US social security tax is withheld from employees’ wages under the Federal Insurance Contributions Act (FICA), which provides funding for the Social Security and Medicare programs. The goal of the Social Security program is to offer retirement, disability, and survivor’s benefits, whereas Medicare provides health insurance.
Although many companies believe they have a good process in place to address the withholding of these taxes for their US-based employees that work in the US, it is critical that they review and understand the rules for their internationally mobile population. Through proper review and planning, companies can mitigate risks and may also achieve substantial cost savings.
A Tax Paid by Both Employers and Employees
FICA is a payroll tax that is imposed on both employers and their employees. In general, every employer is required to withhold and deduct FICA tax from wages. In addition to salary, many other types of compensation are subject to FICA tax, including bonuses, equity income, commissions, allowances, and certain fringe benefits.
For 2019, the Social Security component of FICA (comprised of old age, survivors, and disability insurance taxes) is 12.4 percent and is withheld up to a wage limit of $132,900. The Medicare component (hospital insurance taxes) is 2.9 percent on an unlimited wage base. Each of these taxes is withheld evenly between the employer and employee (i.e., 6.2 percent Social Security and 1.45 percent Medicare tax for both employer and employee). In addition, a 0.9 percent Medicare tax is imposed on single taxpayers receiving wages in excess of $200,000. This wage requirement differs for married taxpayers filing a joint return ($250,000) and married taxpayers who file separately ($125,000).
Under FICA, an employer is responsible for withholding these social security taxes from employee wages and depositing the amounts owed by both employee and employer with the IRS. It is critical for employers with mobile employees to understand the rules. For example, employers who employ US citizens and permanent residents (i.e., green card holders) may need to withhold FICA even if their employee is working outside the US. If these same employees are employed by a foreign employer, then FICA would only apply to wages relating to US services.
Non-Residents Working in the US
Employers should be diligent when employing non-residents in the United States with regard to the applicability of social security tax. Under US domestic tax rules, social security tax would only apply to US-sourced income (i.e., allocation based on the proportion of US workdays for most cash compensation). Depending on their immigration status, social security tax may not be required for a certain period of time. For example, there are exceptions to FICA for certain students and trainees on F and J visas who are working under the terms of their visas for limited periods of time.

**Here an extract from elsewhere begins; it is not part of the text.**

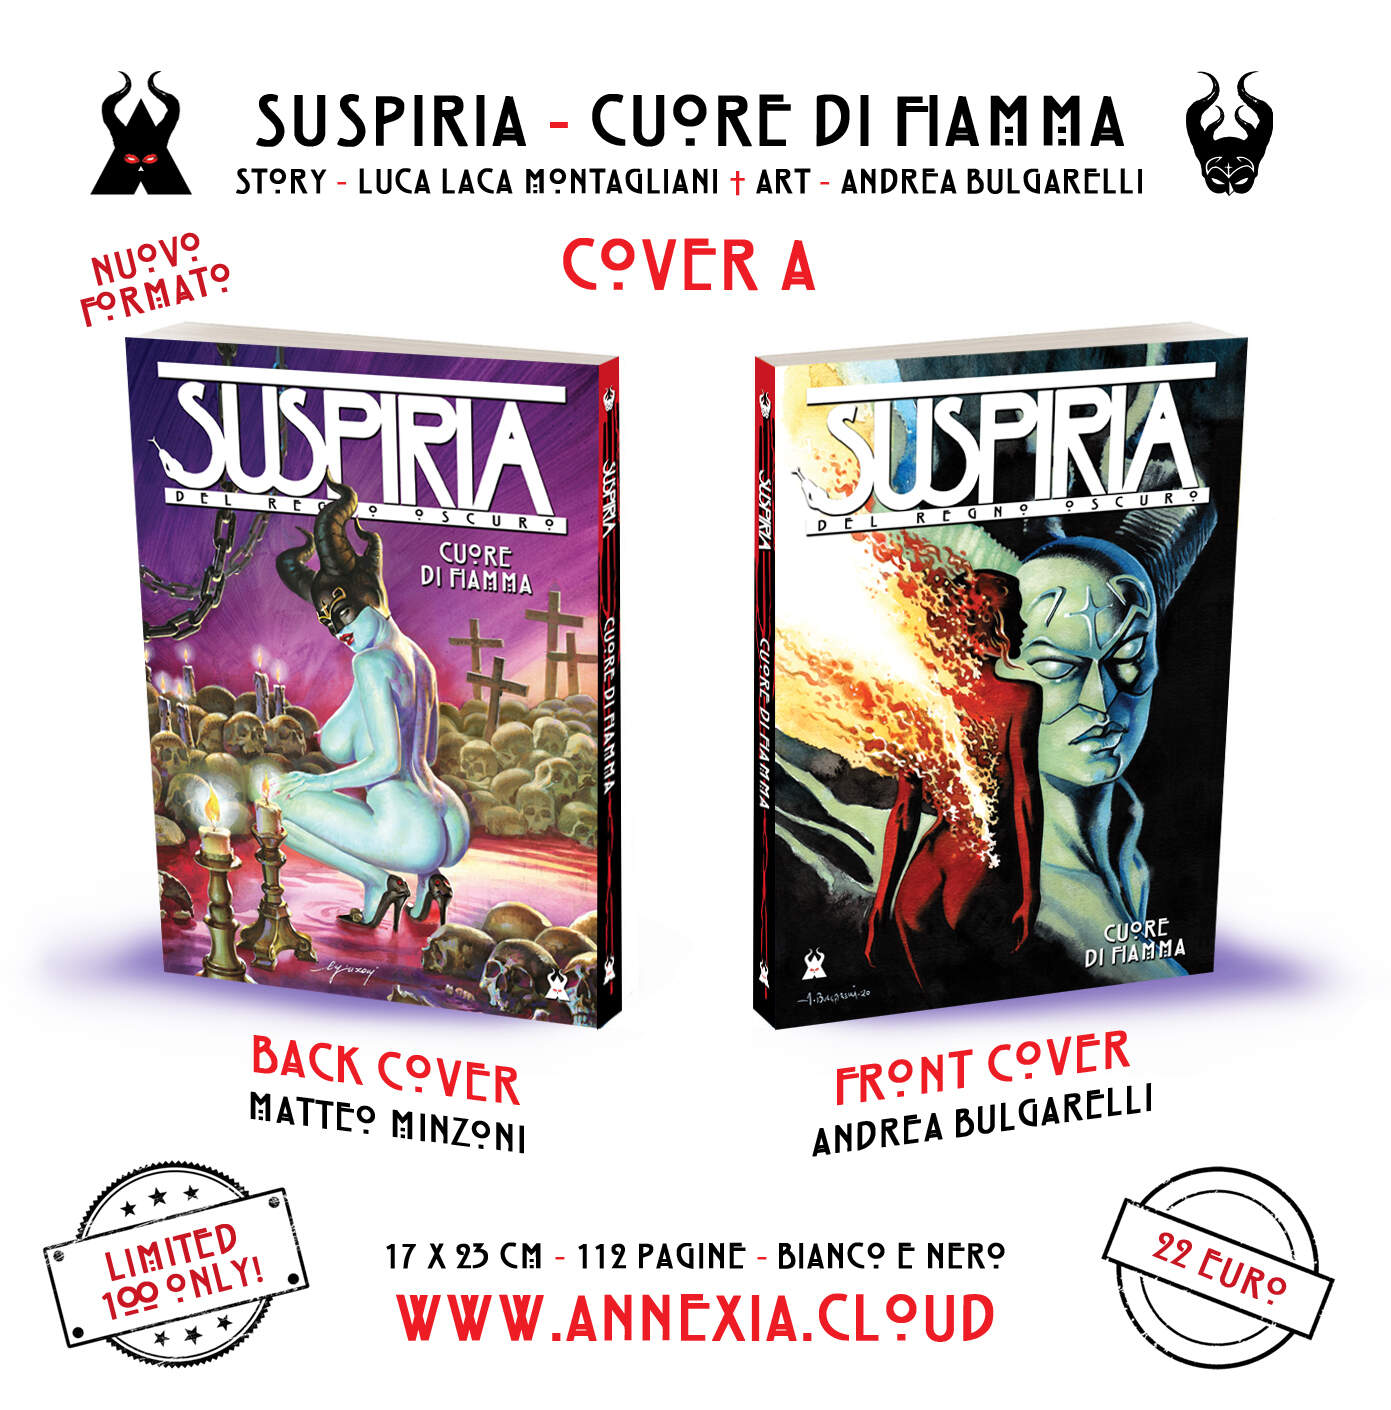 SUSPIRIA - CUORE DI FIAMMA (COVER A)

Additionally, if an employee remains covered in the social security system of their Home country, social security tax may not be required in the Host country if a totalization agreement is in place between both countries. This scenario is most common when the Home country sends the employee on a foreign assignment to the Host country.

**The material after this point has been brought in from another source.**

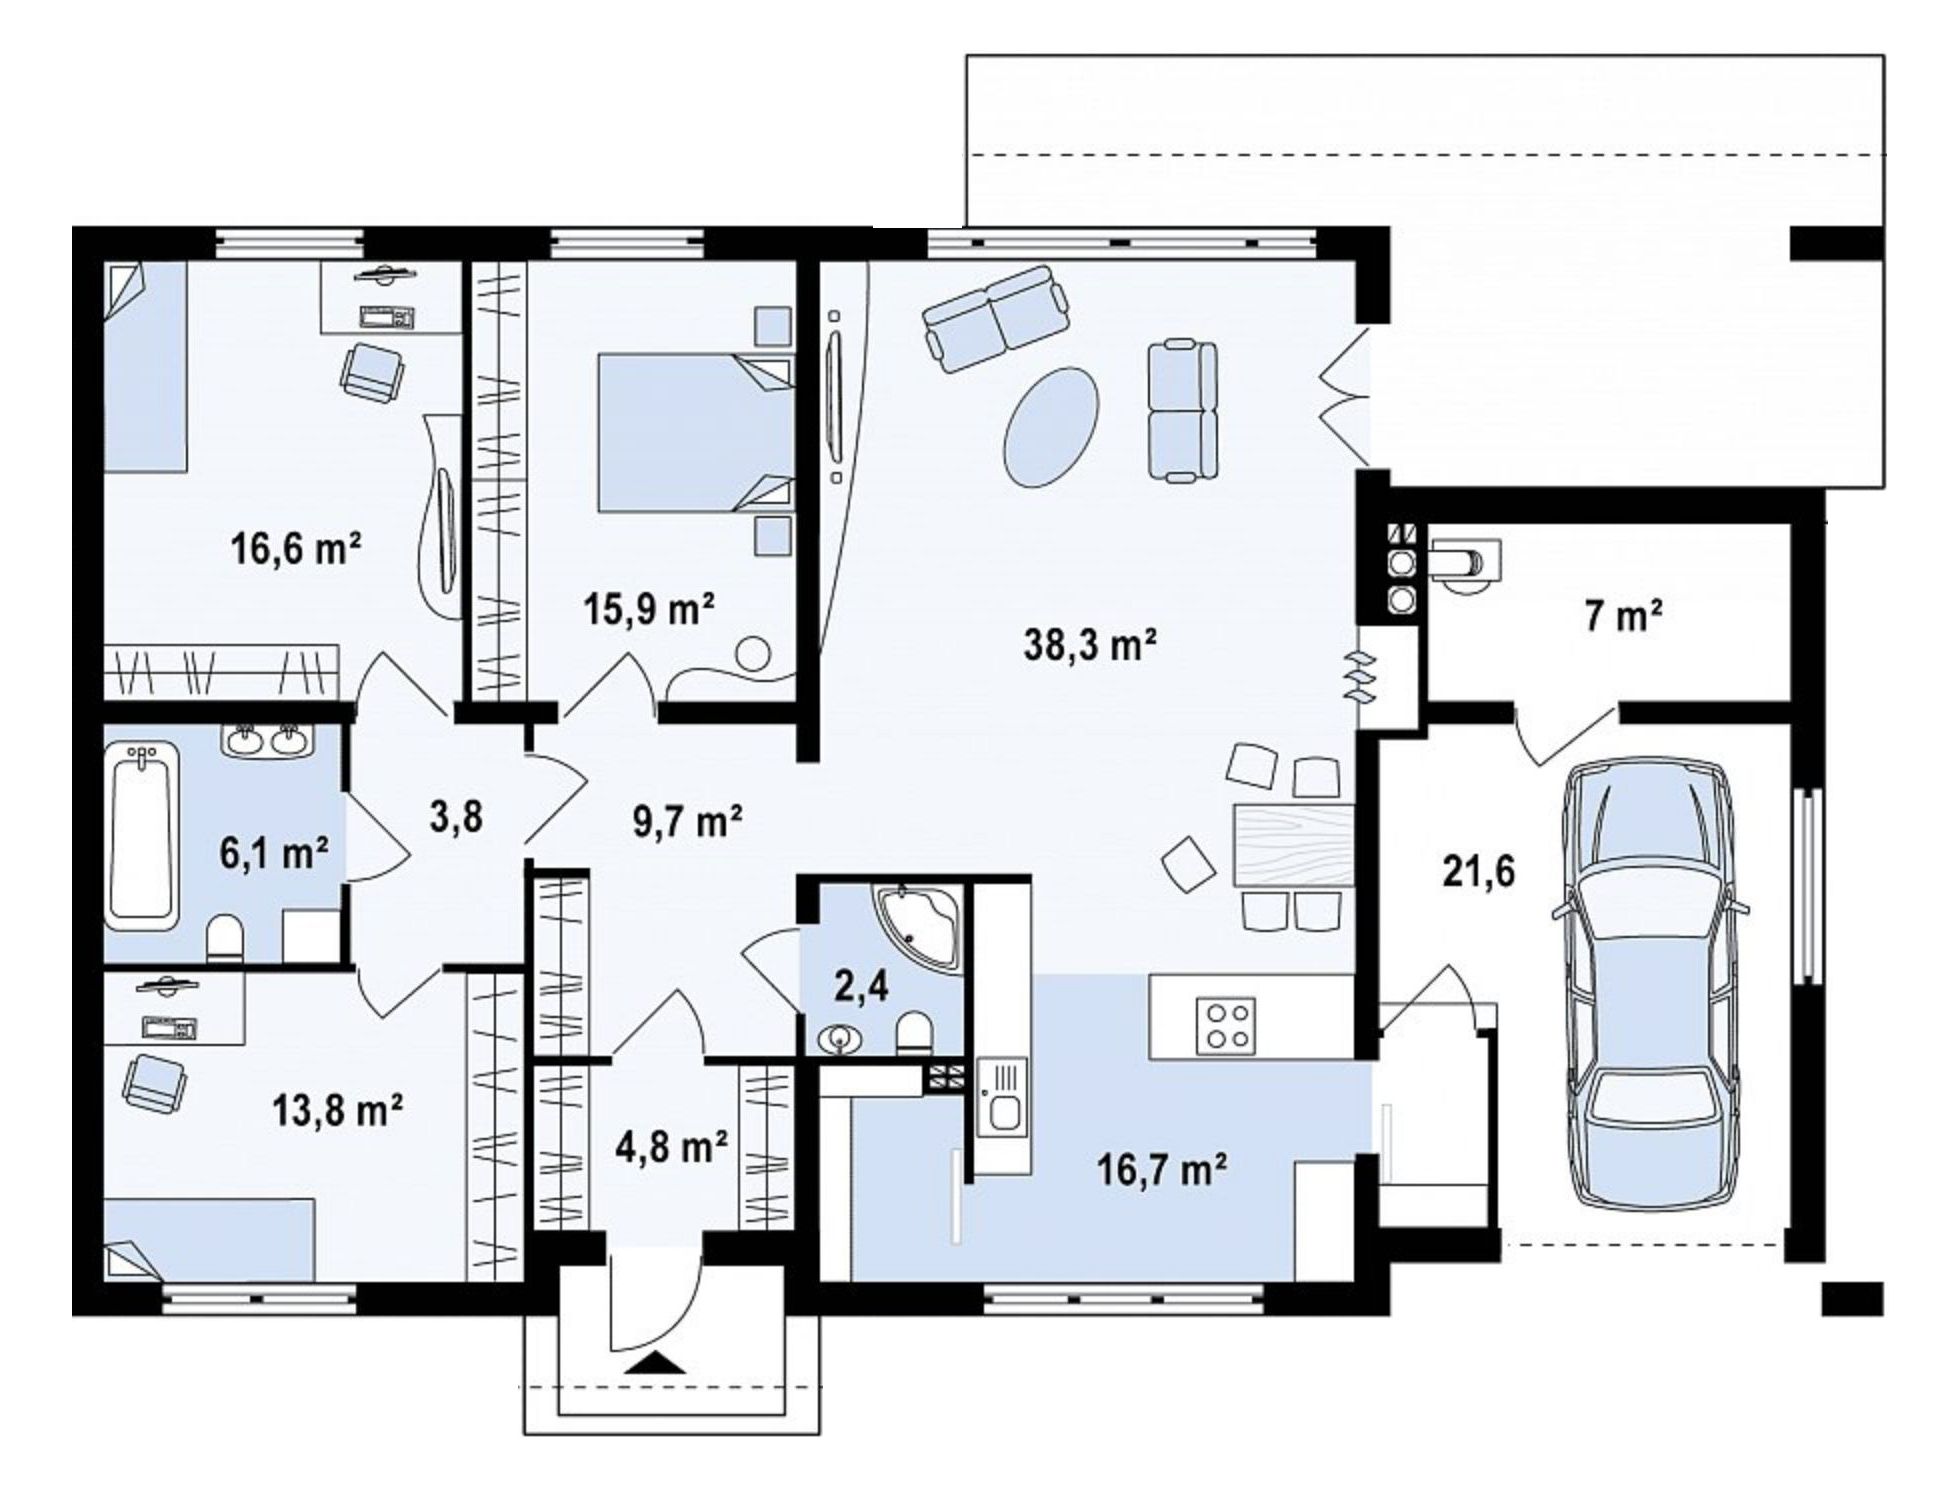 Дом с гаражом и 4 спальни. Z123 проект дома одноэтажного. Одноэтажный дом 130 м2 планировка. План дома 130 кв одноэтажный с гаражом. План одноэтажного дома с гаражом 130 кв м.

There are a number of complexities that can apply to the calculation of social security taxes, and companies need to make sure they understand the rules and obtain proper documentation from the employee to support the appropriate payroll withholding. Failure to do so can result in additional compliance costs, including penalties and interest.
Totalization Agreements Can Limit Double Taxation
The United States has income tax treaties with a number of other countries that address corporate and individual tax issues, but these treaties do not apply to social security taxes. However, in some cases, both employees and employers may take advantage of totalization agreements the United States has entered into with 30 other countries. Goals of these totalization agreements include the elimination of dual coverage and taxes and the filling of gaps in benefit protection for mobile workers.
In general, these agreements provide that an employee would pay social security tax in the country where they are working. However, the agreements typically also provide an ability for the employee to remain covered in their Home country for temporary employment scenarios (commonly up to five years, with limited extensions often possible) if a “certificate of coverage” is obtained from the Home country’s Social Security Administration.
If an employee is transferred for an indefinite period or if a totalization agreement is not available, a certificate of coverage would not be possible, which could result in unexpected employer and employee social tax costs. For these reasons, planning is important. In some cases, social security tax planning alone can lead to cost savings running 10-15 percent of the total cost of the assignment.
Mobility Tax Specialists Can Help with Totalization Agreements
Mobility tax specialists who understand the rules and requirements of social security tax can help employers navigate the US and international social security system in an efficient manner with the proper up-front planning. Additionally, mobility tax specialists can assist with the filing of certificates of coverage and identification of tax planning ideas such as review of assignment duration or localization options.
If you’re seeking a mobility tax consultant who understands the ins and outs of creating a mobility tax program, do your homework and ensure you’re learning from the tax mistakes of others.
The information provided in this article is for general guidance only and should not be utilized in lieu of obtaining professional tax and/or legal advice.